The data:
◆ ◆ ◆ ◆
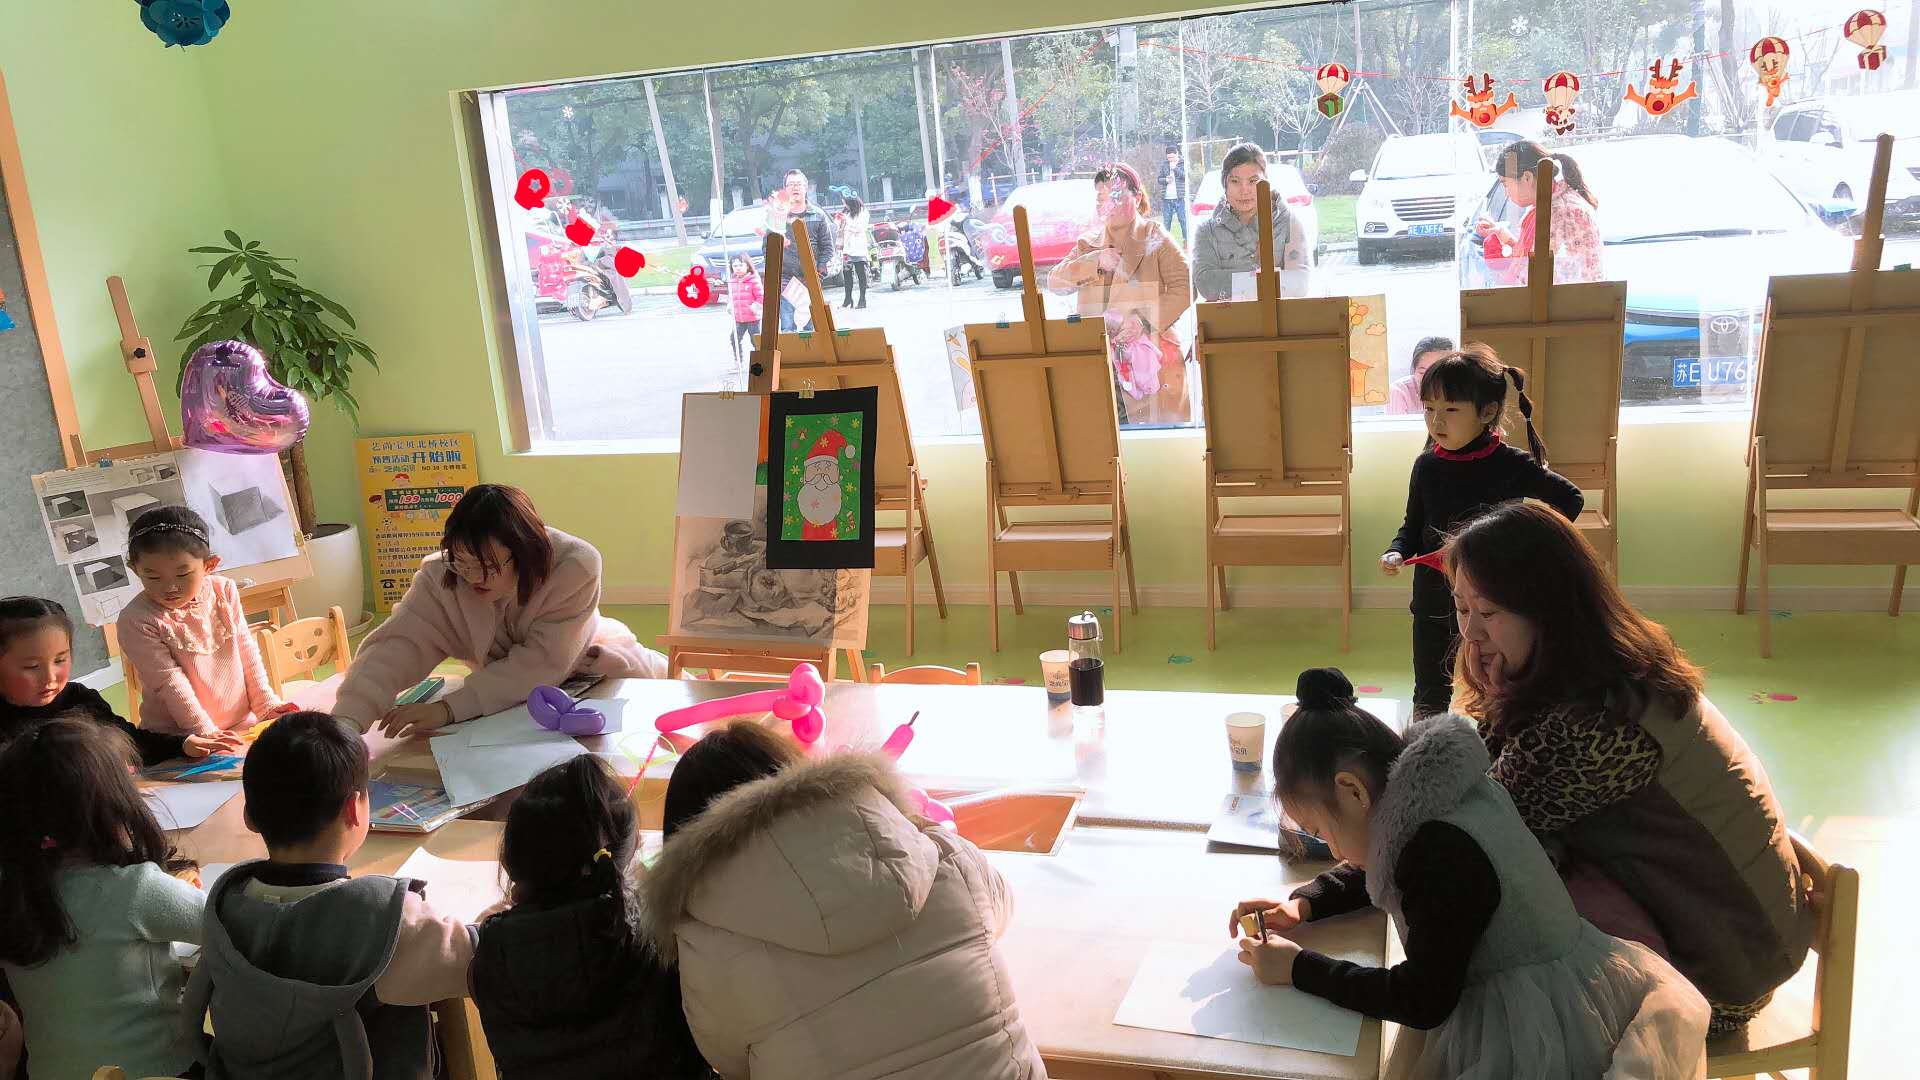 苏州少儿创意美术培训班,让孩子告别千篇一律的简笔画
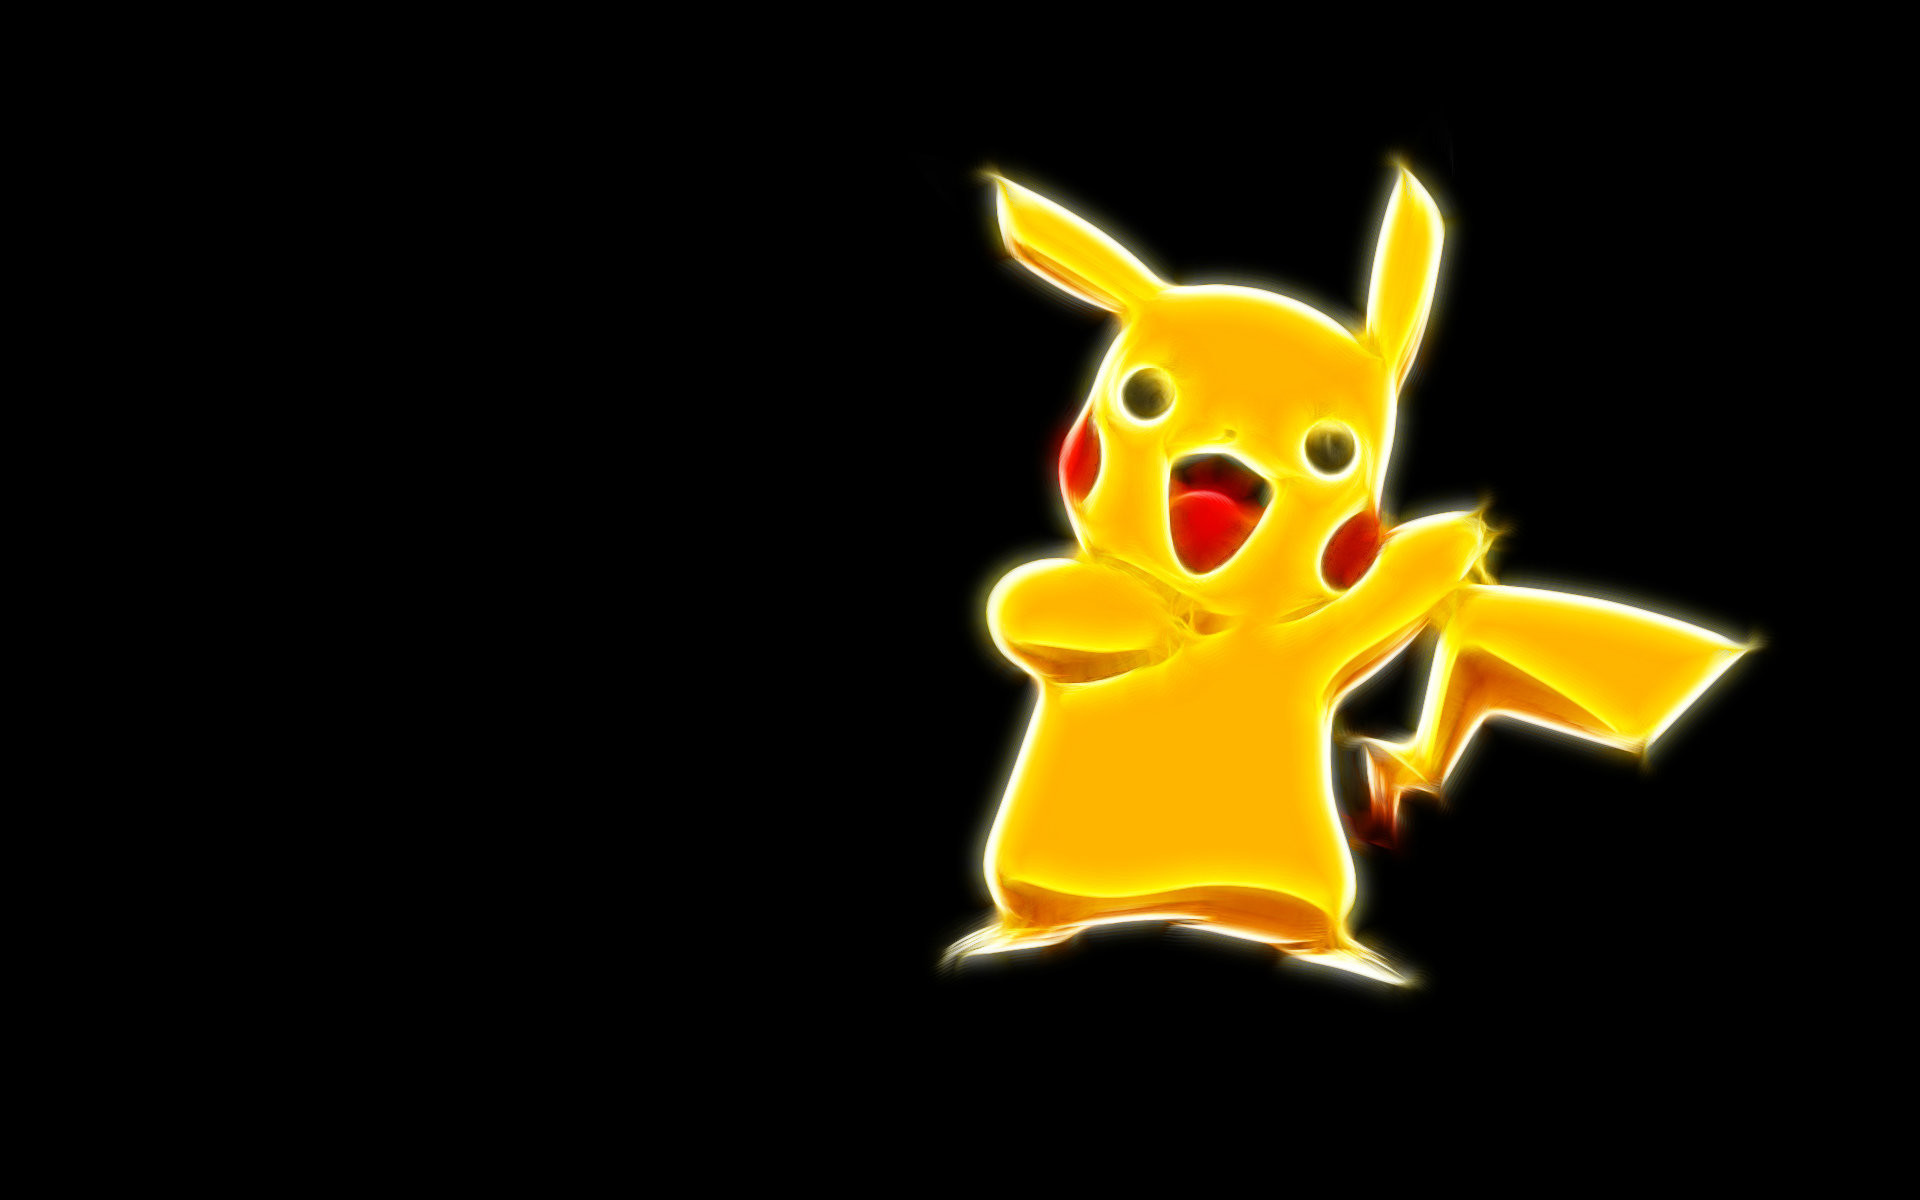 1920x1200 Pikachu Pokemon HD Image For Desktop
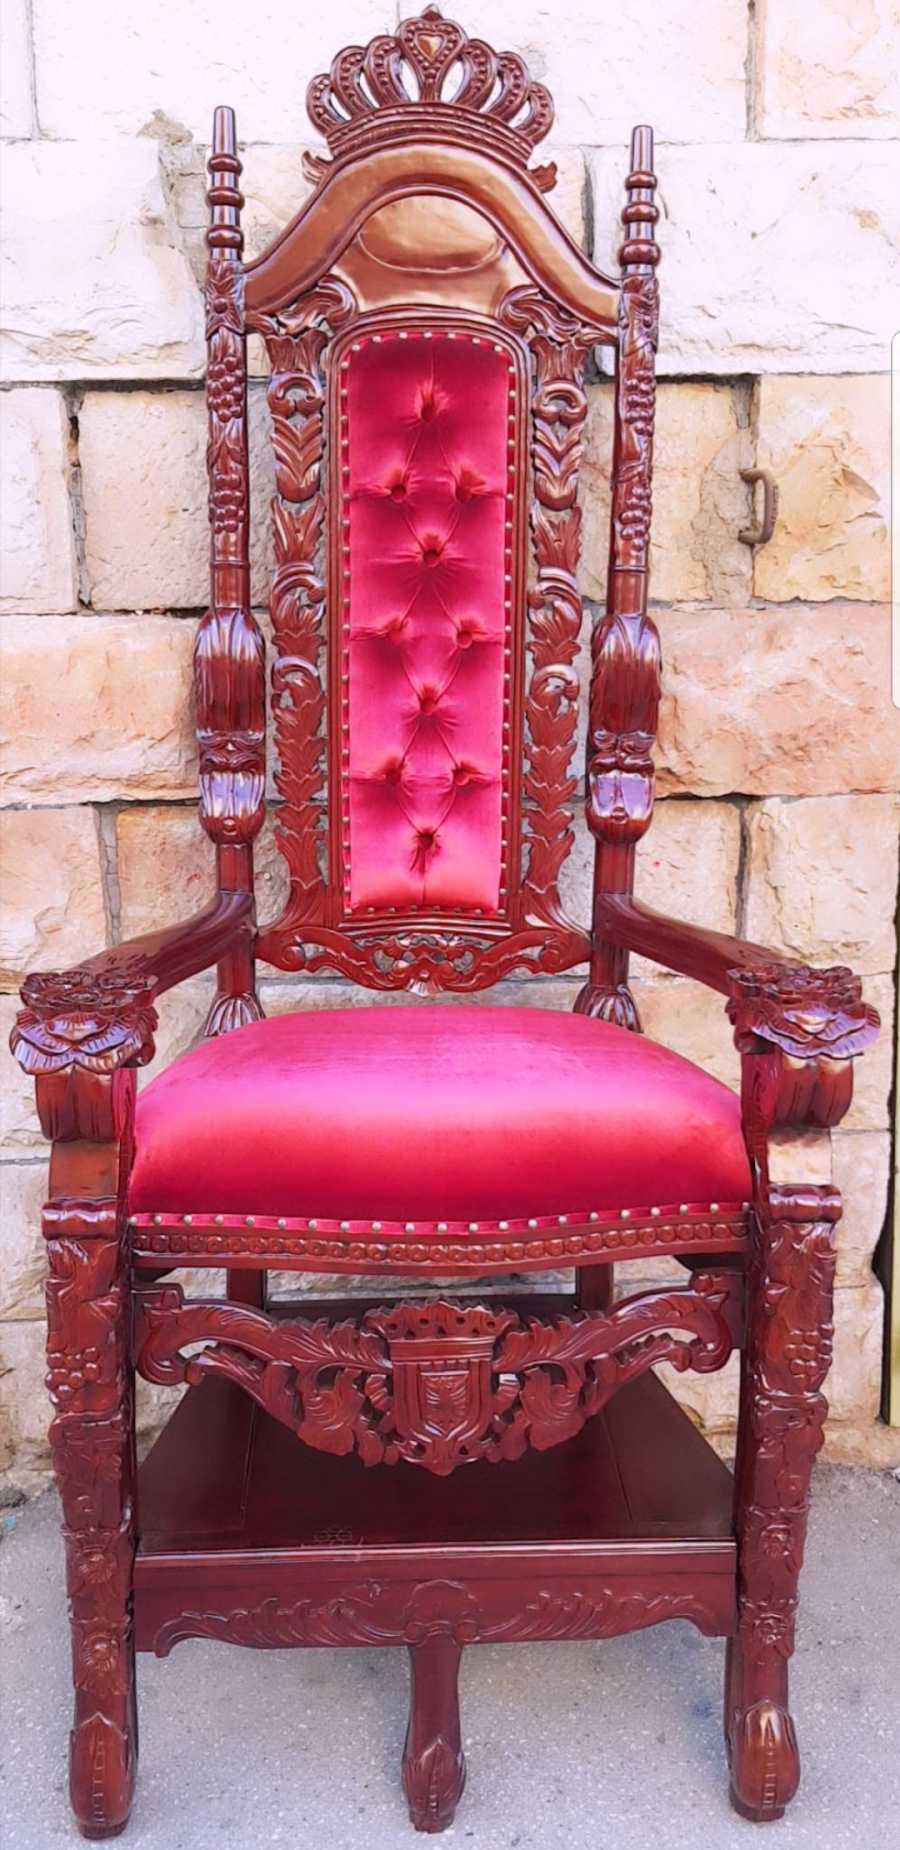 כיסא אליהו הנביא
◆ ◆ ◆ ◆
Problem details: From the line containing "1920x1200 Pikachu Pokemon" down to the end of the data above, reproduce each line exactly; no pictures.

The answer:
 1920x1200 Pikachu Pokemon HD Image For Desktop
 כיסא אליהו הנביא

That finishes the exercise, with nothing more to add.